In this case, we have not been provided with any explanation for Dr. Lawhead's failure to retrieve the vital signs data from the Datex monitor. The parties have also not pointed to any evidence which establishes whether the standard of care requires the preservation of such data. Without such evidence, we will rely on the "presumption that professionals perform their professional services in an ordinarily skillful manner."[14] Accordingly, we conclude that Dr. Lawhead did not deviate from the standard of care by failing to record or print the information on the Datex monitor.[15]

Under these circumstances, and in light of the warning that the presumption charge should be given only in exceptional cases,[16] we conclude that the trial court did not err in refusing to instruct the jury as requested.

Judgment affirmed.

ANDREWS, P.J., and ELLINGTON, J., concur.

NOTES

[1] In an offer of proof made outside the jury's presence, plaintiffs established that Dr. Caplan would have pre-oxygenated Johnson.

[2] McNabb v. Landis, 223 Ga.App. 894, 896(5), 479 S.E.2d 194 (1996).

[3] See id.

[4] See id.

[5] Plaintiffs argue that in one such instance defendants questioned their own witness, Dr. Richard Lodise, whether he would have pre-oxygenated Johnson. We have carefully scrutinized that portion of the transcript cited by plaintiffs, however, and find that the questioning was strictly limited to the standard of care. Thus, inasmuch as the argument is unsupported by the record, it has no merit.

[6] We do not consider "arguments neither raised nor ruled on by the court below and that are asserted for the first time on appeal." (Punctuation omitted.) Leal v. Hobbs, 245 Ga.App. 443, 447(2)(b), 538 S.E.2d 89 (2000).

[7] See McNabb, supra.

[8] (Punctuation omitted.) Lee v. Bartusek, 205 Ga.App. 551(1), 422 S.E.2d 570 (1992).

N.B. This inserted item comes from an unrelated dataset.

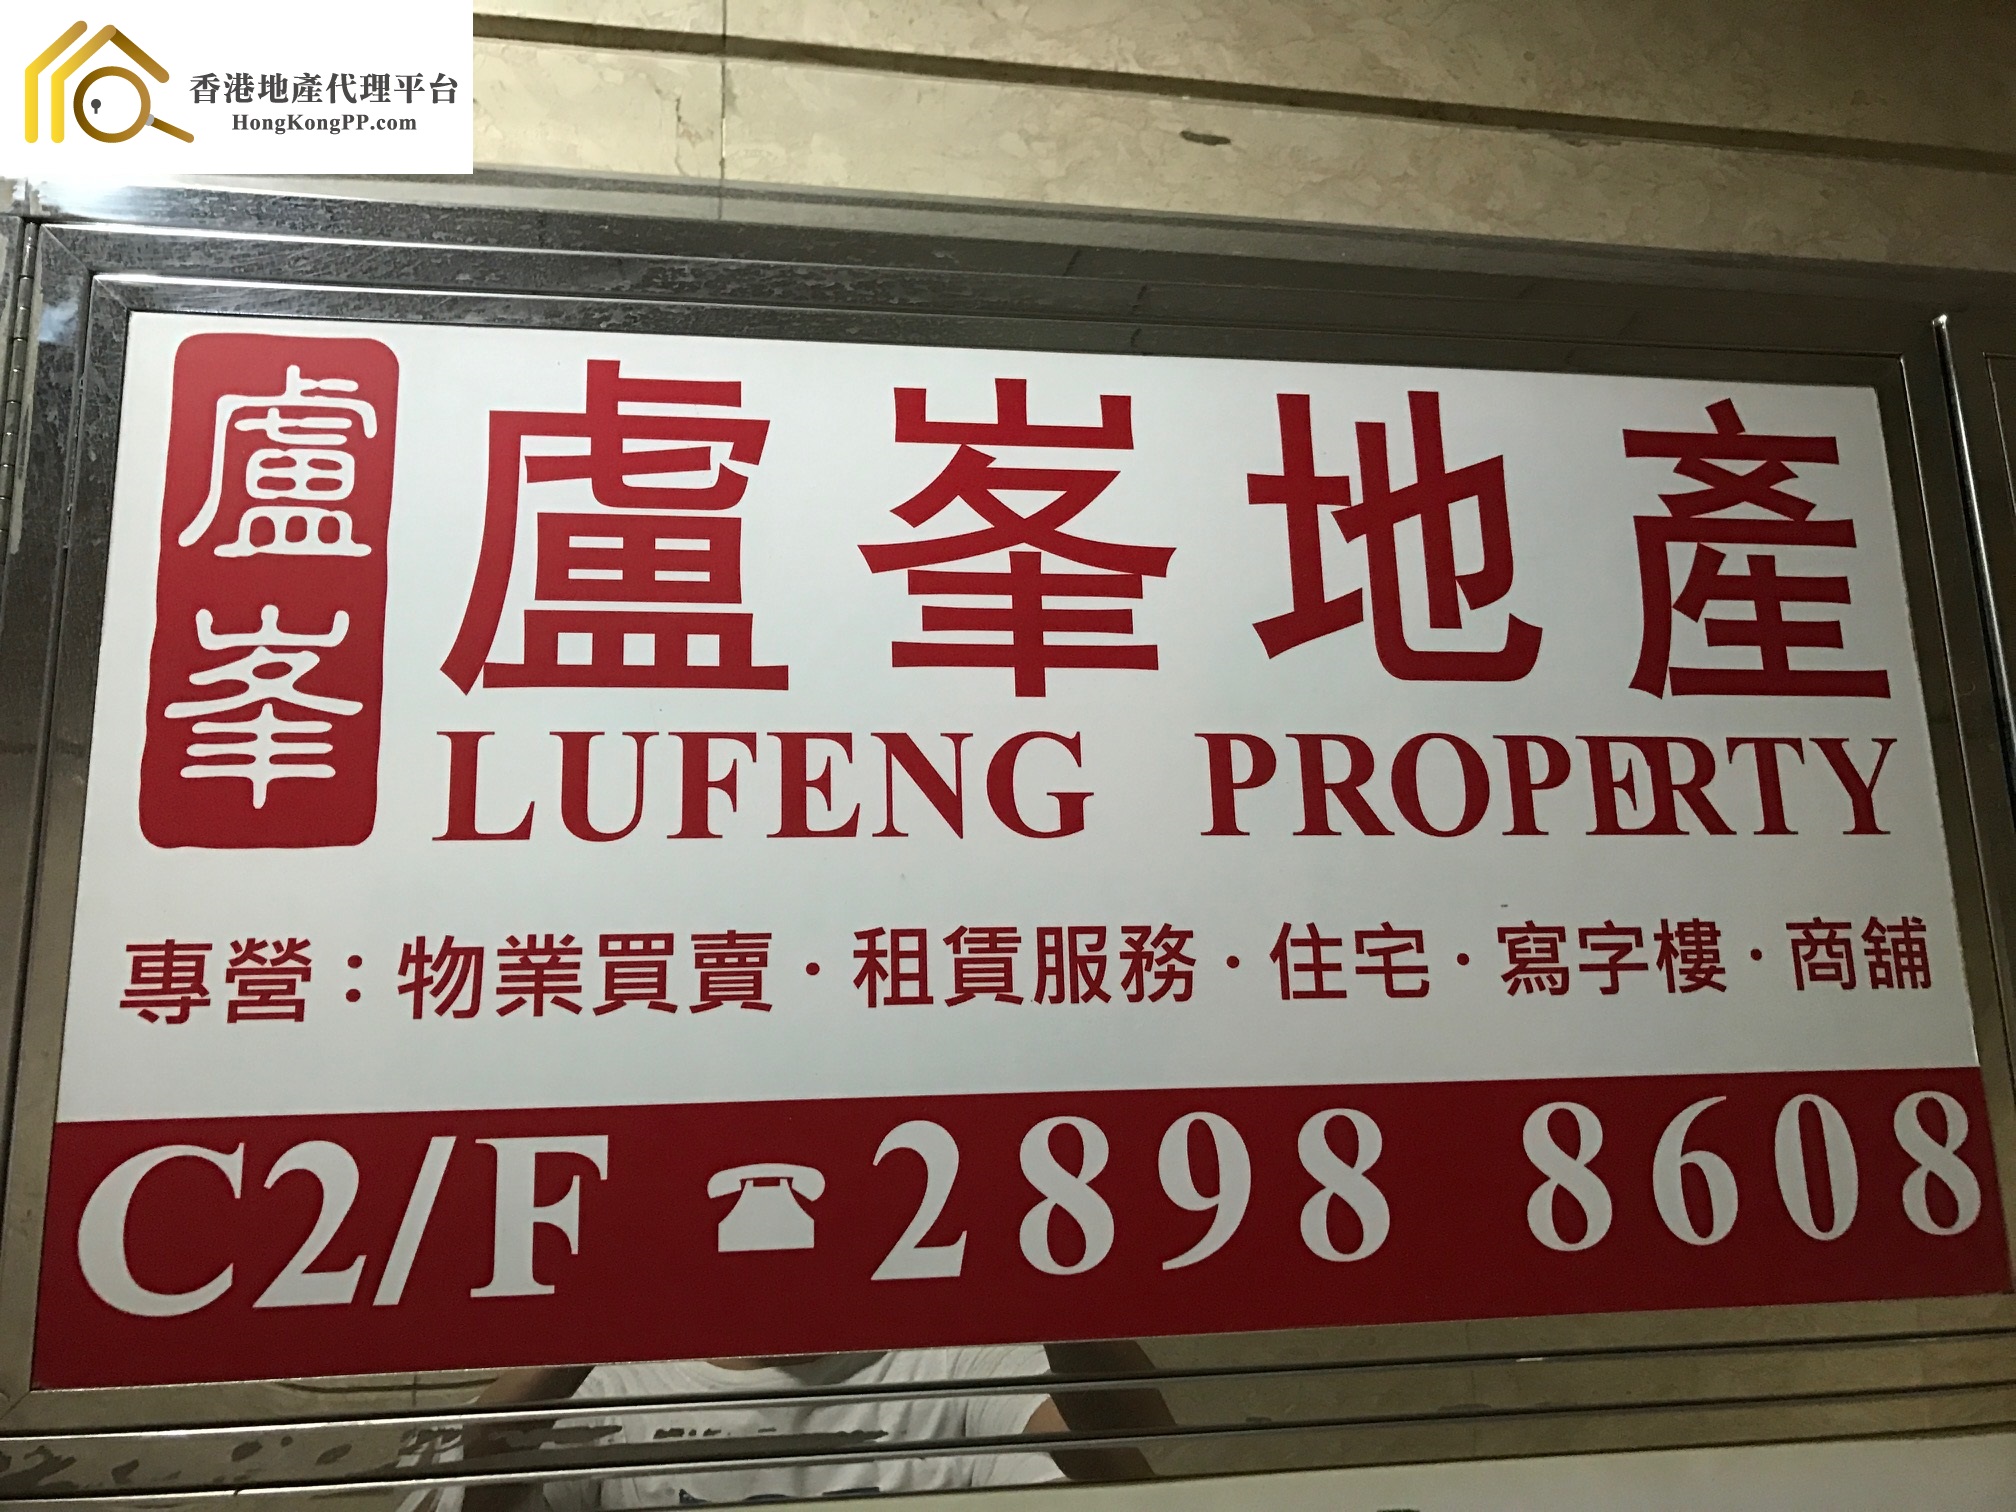 CarparkEstate Agent: 盧峯地產 Lufeng Property

[9] 179 Ga. 23, 31, 174 S.E. 708 (1934).

[10] See Chapman v. Auto Owners Ins. Co., 220 Ga.App. 539, 542, 469 S.E.2d 783 (1996).

[11] See id.

[12] (Emphasis supplied.) Welsh v. United States, 844 F.2d 1239, 1246 (6th Cir.1988).

[13] Akiona v. United States, 938 F.2d 158, 161 (9th Cir.1991).

[14] Wilson v. Muhanna, 213 Ga.App. 704, 705-706(1), 445 S.E.2d 540 (1994) (physical precedent only).

[15] See id. For a general discussion of cases considering whether a presumption should arise from the intentional or negligent failure of a health care provider to produce medical records see Fischer, Annotation, Medical Malpractice: Presumption or Inference from Failure of Hospital or Doctor to Produce Relevant Medical Records, 69 A.L.R. 4th 906 (2000).

[16] See Childs, supra at 31, 174 S.E. 708.